Balloons come in various sizes and from 3 main manufacturers.  For the widest choice and best service buy from Random Engineering.

All the above parachutes have loops at the top for attachment to the balloon.  Choose the size using the calculator on that page, aiming for a landing speed of 4-5 metres per second.  You will need to know the payload weight, which you can estimate by adding together the weights of the heavier items and allowing 100g for the container and duct tape.

The larger the balloon, the higher the flight will go and, usually, the further it will land from the launch site.  Anything above 25km will get good photographs, and 30km is a good figure to aim for.  A typical size might be a 800g or 1000g balloon, but you should use the calculator to find out what size balloon you need for what altitude.  Aim for an ascent rate of 5-6 metres per second, and remember that your payload weight should now include the weight of the parachute.

The calculator will tell you several things, and not just the burst altitude:


  • Payload Mass includes your parachute and the rigging (braided nylon cord).  As a rough guide use 100g for both, but you can get the parachute weight from the store above, and you can weigh the cord.
  • Target Ascent Rate should be 5m/s.  The calculator will then show a slightly different rate (see bottom left), and you can adjust your target for this to be 5m/s.  Do not go lower than 5 as you risk the balloon not bursting.
  • Volume shows how much gas you need.  Most balloons will need less than 3.6 cubic metres which is a BOC “T” cylinder, costing about £100.  Try not to go above this figure as the next size up (“L”) is huge.
  • The Neck Lift tells you how much lift the balloon has when filled with the above volume.  If you attached something of this weight to the balloon, then the balloon will hang in the air without going up or down.  See the section on Filling below for more information about this.


In the UK, you must obtain permission from the CAA.  No permission means no launch.  Click here for more information and a downloadable form.

The CAA request that you send the form in at least 28 days prior to launch, and I recommend that you do just that.  However you will not know at that point if you will be able to launch on the date you requested.  So I recommend the following:

  1. Choose a launch site,  If this is near an airport then you will either be denied permission, or it will come with restrictions as to what time you can launch and/or in what direction the balloon must fly after launch.  I recommend you find a better launch site if this is likely!
  2. Choose a date.  Check online to see if there are any local airshows (these are, in my experience, the most likely reason for denying permission).
  3. If the date is at a weekend, request both Saturday and Sunday
  4. Fill in the form, and send to the CAA together with the required map.
  5. Wait
  6. About 6 days prior to launch, start checking the flight path predictions (see below) and the ground wind predictions (Wunderground is good for this).  Do this each day.
  7. In light of the above predictions, if you think that the flight will be able to go ahead, then send an email to AUSOPS at the CAA, a few days before the flight, referencing your application and confirming that you believe the flight is likely.
  8. If instead you can see that the flight won’t be able to happen, let the CAA know at least 2 days before the flight (if the flight is at the weekend let them know by Thursday at the latest), so they don’t waste time processing your request.
  9. The last working day before launch, check the AIS site and/or  Usually you will find out here that your NOTAM has been issued, before the CAA permission certificate comes through.
  10. My experience is that permission comes through late in the afternoon.  I realise that you may become nervous that nothing appears to be happening, but provided you sent in the confirmation email that I recommended then permission will be issued (this has been my experience anyway).
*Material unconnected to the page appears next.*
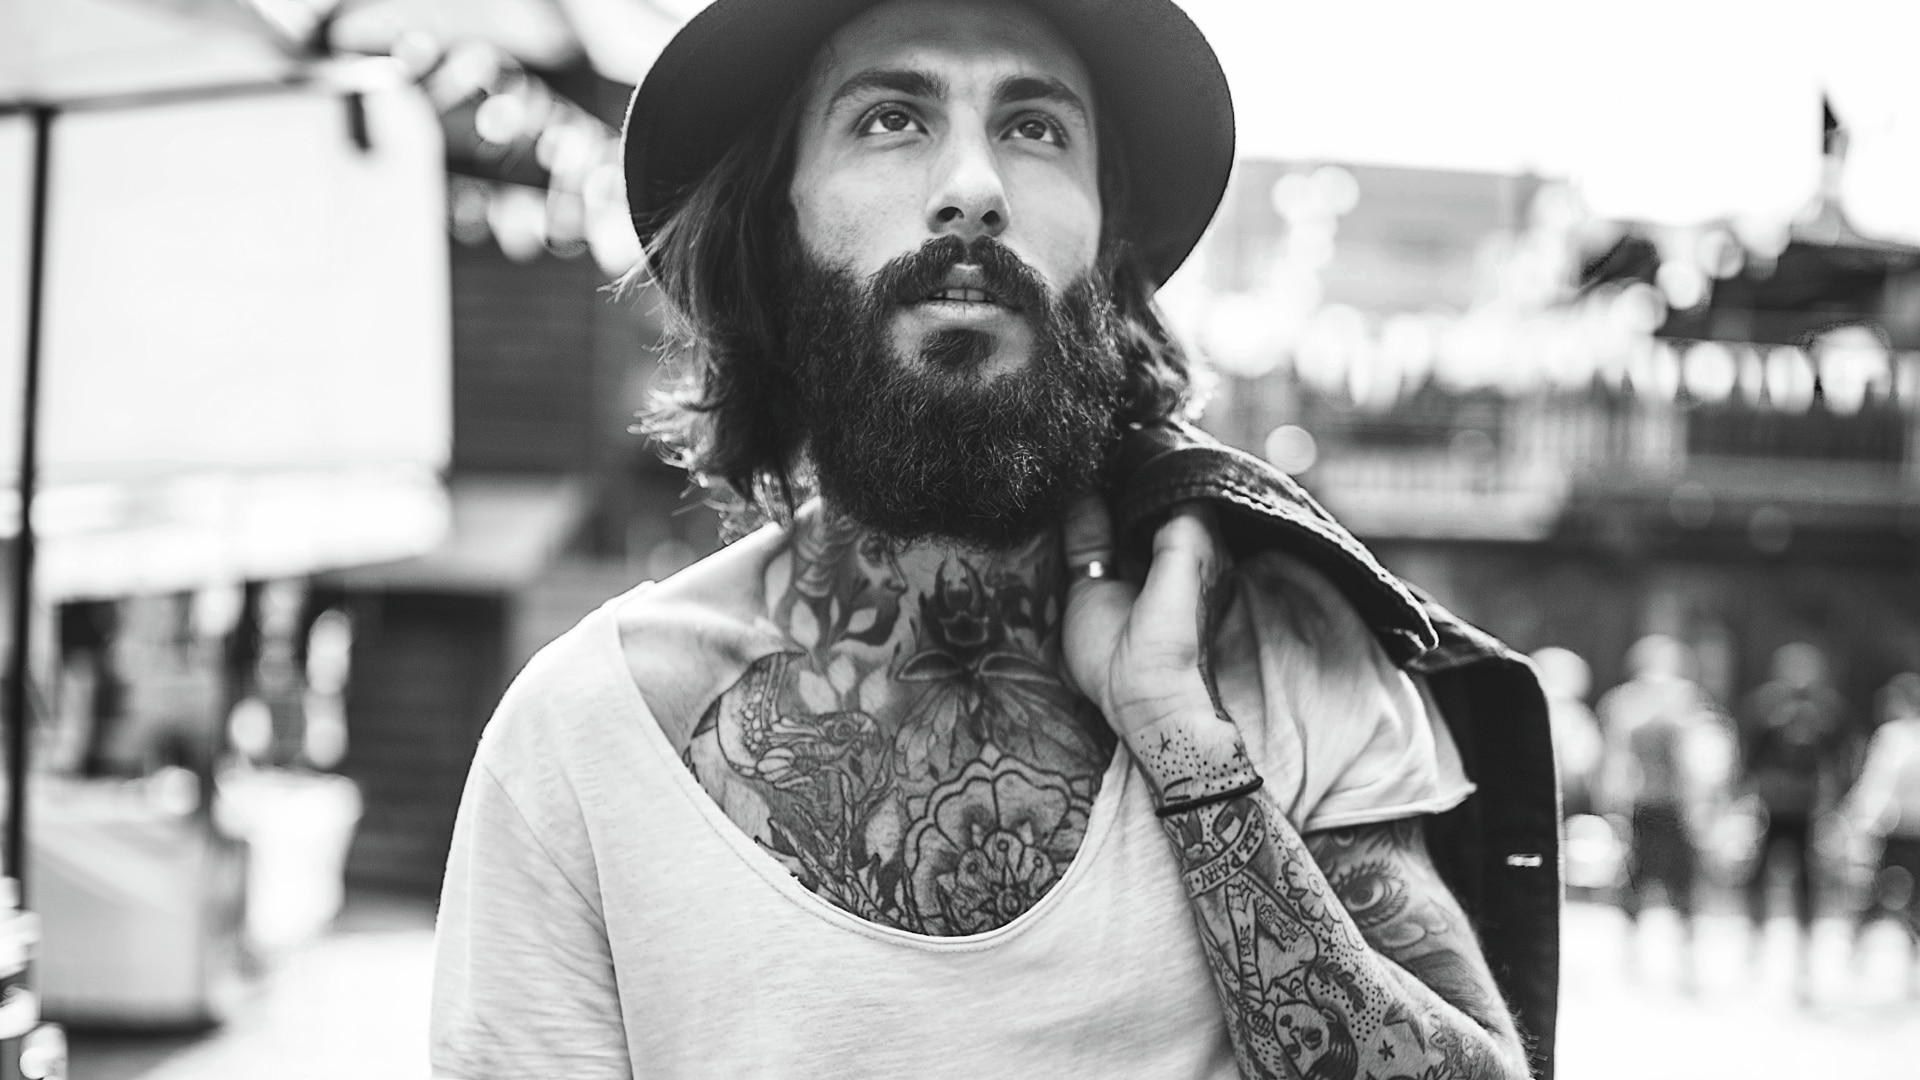 Een man met een volle baard en tattoos.

If permission does not arrive before the launch, do not launch.  If the permission includes restrictions (e.g. on the wind direction) that you cannot meet, do not launch.  Remember that obtaining permission is a critical safety step in the process.


Even with permission, you should only launch with a safe flight path.  This primarily means having a landing area that is well away from cities, large towns, airports or motorways.  Remember that balloons may burst rather lower or higher than you planned for, due to manufacturing tolerances or your ability to fill the balloon with the correct amount of gas (see section on Filling below), so you should run predictions for early or late bursts as well as your planned burst altitude.

Also, do not plan a flight that lands close to the sea.  No flight exactly follows the prediction.  There are many variables such as the accuracy of the wind forecasts and (especially) the amount of gas put into the balloon, and as a rule of thumb I suggest you allow for a landing error of at least 5 mile radius, with an additional “distance from launch” error of 5% of the distance travelled.  So a typical 100 mile flight would have a possible landing area of approx 10 miles long (in the distance travelled) by 5 miles wide (at right angles).

You can run a prediction online using the CUSF Flight Predictor.  This works up to about 6 days prior to the flight, but generally does not start to be accurate until about 3 days prior.  It is worth running a prediction every day up to launch, to gauge how much they change from day to day – if they don’t change much then you will know that the prediction is quite predictable, which is good.

Another thing to check is how much the prediction changes from hour to hour during the launch day.  Launches frequently (in fact, almost always, run late) and you should run a prediction for 1 hour after launch, as well as at the target launch time, to see if it changes much.  A large change is bad because it makes the landing spot highly dependent on what time you launch.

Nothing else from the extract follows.